When the clock strikes midnight in Delhi on Monday, Visa, Mastercard and American Express will be violating the law every time an Indian swipes a credit or debit card.
They will also become unwilling warriors in a budding conflict between America’s technology giants and the Indian government, which wants more control over the data they collect on India’s 1.3 billion residents.
The spark for the current fight is a new law, passed in April and going into effect Monday night, that requires payments companies to store all information about transactions involving Indians solely on computers in the country. The law and the hubbub over it are part of a debate over a concept known as “data localization,” in which a country places restrictions on data as a way to gain better control over it and potentially curb the power of international companies. US firms have lobbied hard against data localization rules around the world.
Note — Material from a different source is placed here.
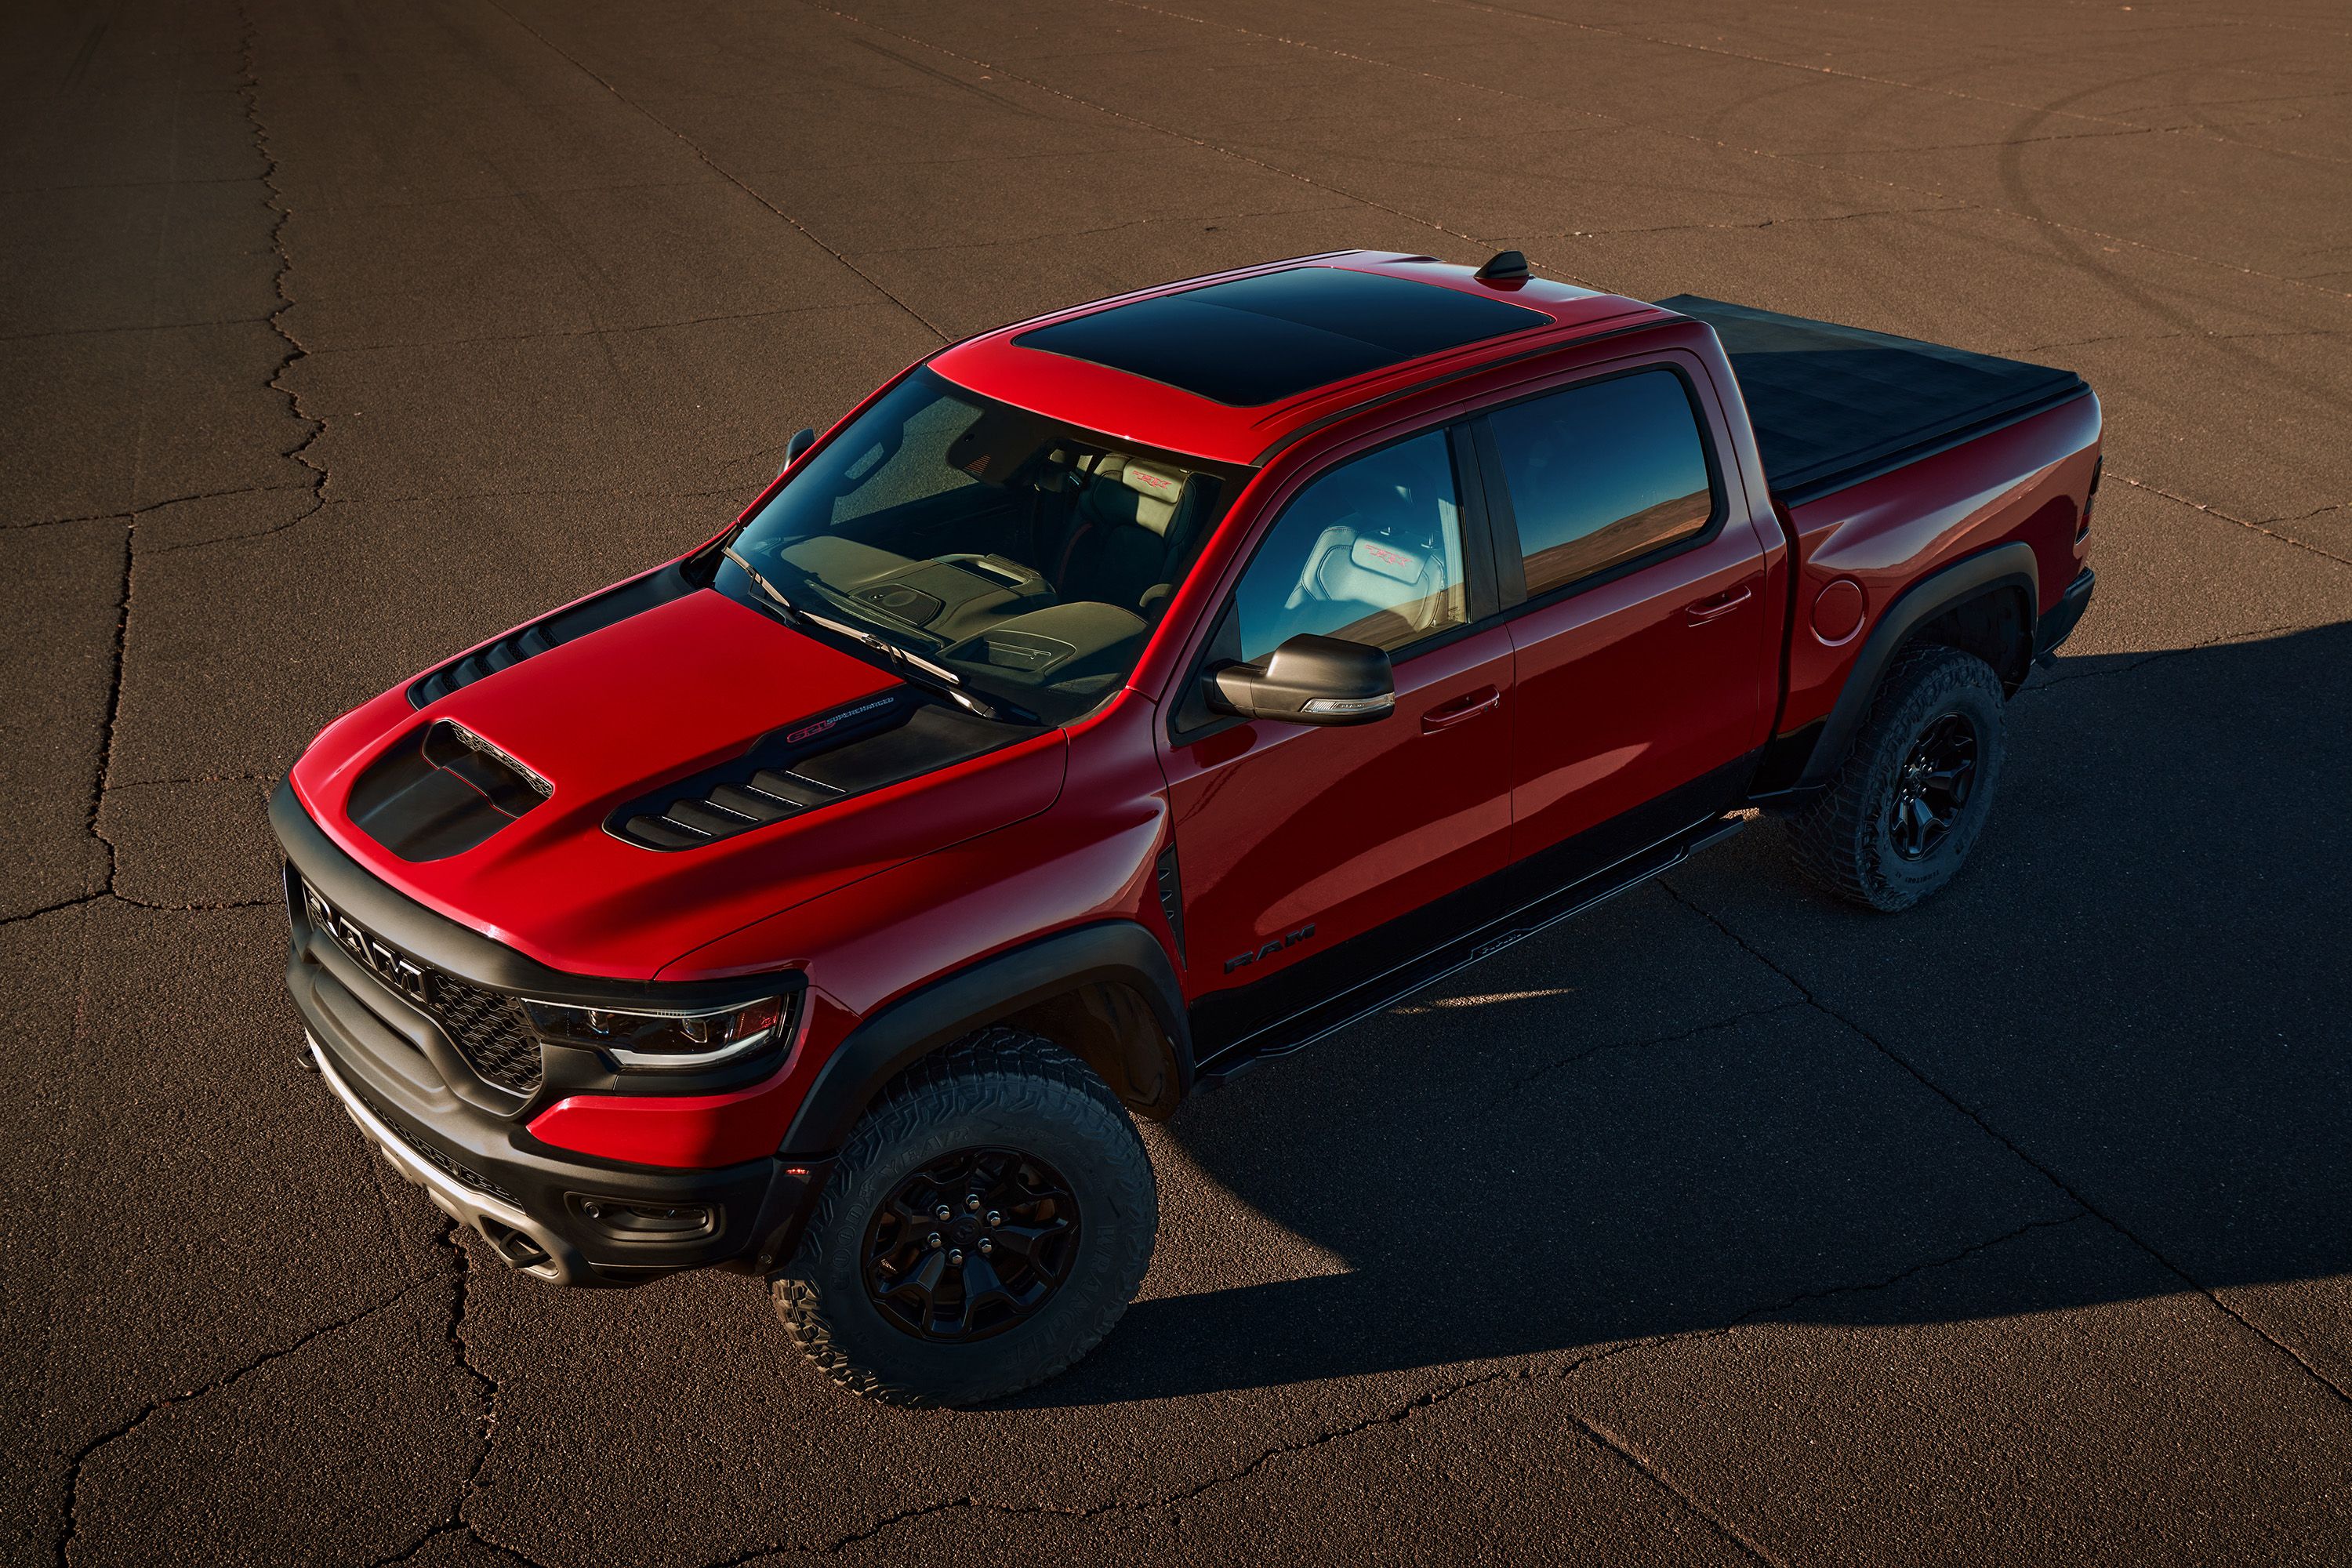 2021 The Ram 1500 TRX Might Be Associated With the T-Rex Dinosaur, But That Wasn't the Intention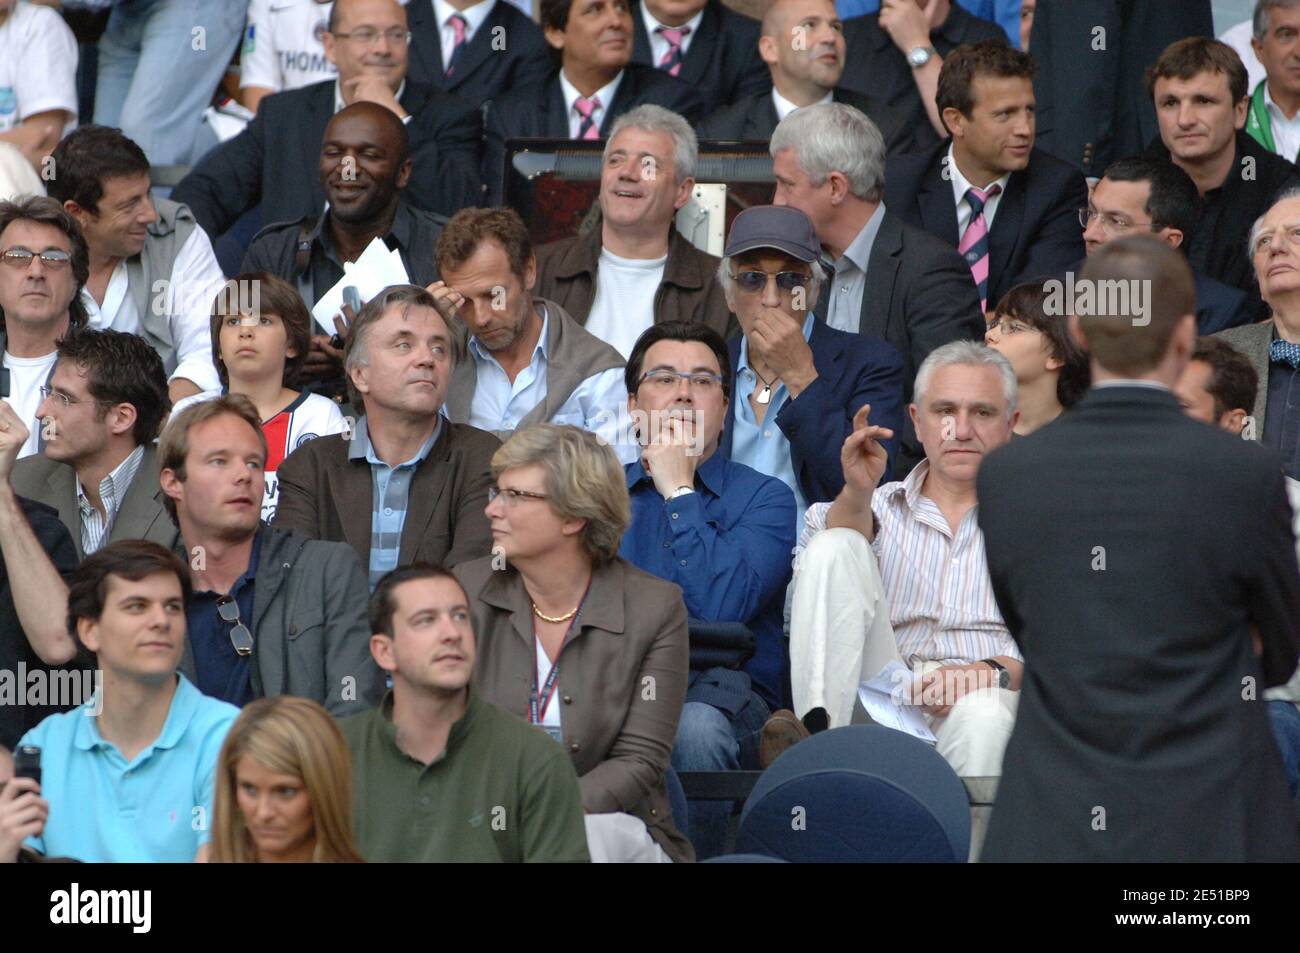 Patrick Bruel, Francois Cluzet and Gerard Darmon attend the French First League Soccer match, Paris Saint-Germain vs aS Saint-Etienne at the Parc des Princes stadium in Paris, France on May 10, 2008. The match ended in a 1-1 draw. Photo by Phong Pham Cao/Cameleon/ABACAPRESS.COM Stock Photo

In India, Visa, Mastercard and American Express, as well as other financial players like Amazon and PayPal, said they needed more time to comply with the order by the country’s banking regulator, the Reserve Bank of India.
The companies told the RBI that their fraud detection and other data processing systems were distributed on machines across the world and could not be quickly redesigned to work in India alone. As an alternative, they offered to store copies of the Indian data in the country for easy access by regulators, tax authorities and law enforcement.
But the RBI would have none of it. In recent phone calls to the top Indian executives of the major payments companies and in letters to the companies last week, the banking regulator warned that it would take action, including imposing fines, if they missed the Monday night deadline.
Mukesh Aghi, the chief executive of the US-India Strategic Partnership Forum, said the payments companies were frustrated with the regulators. “They refuse to sit down and have a discussion,” said Aghi, whose policy group counts the head of Mastercard on its board.
Spokesmen for Visa and American Express declined to comment on their response to the RBI’s local storage rule. Representatives of Mastercard and the RBI did not respond to multiple requests for comment.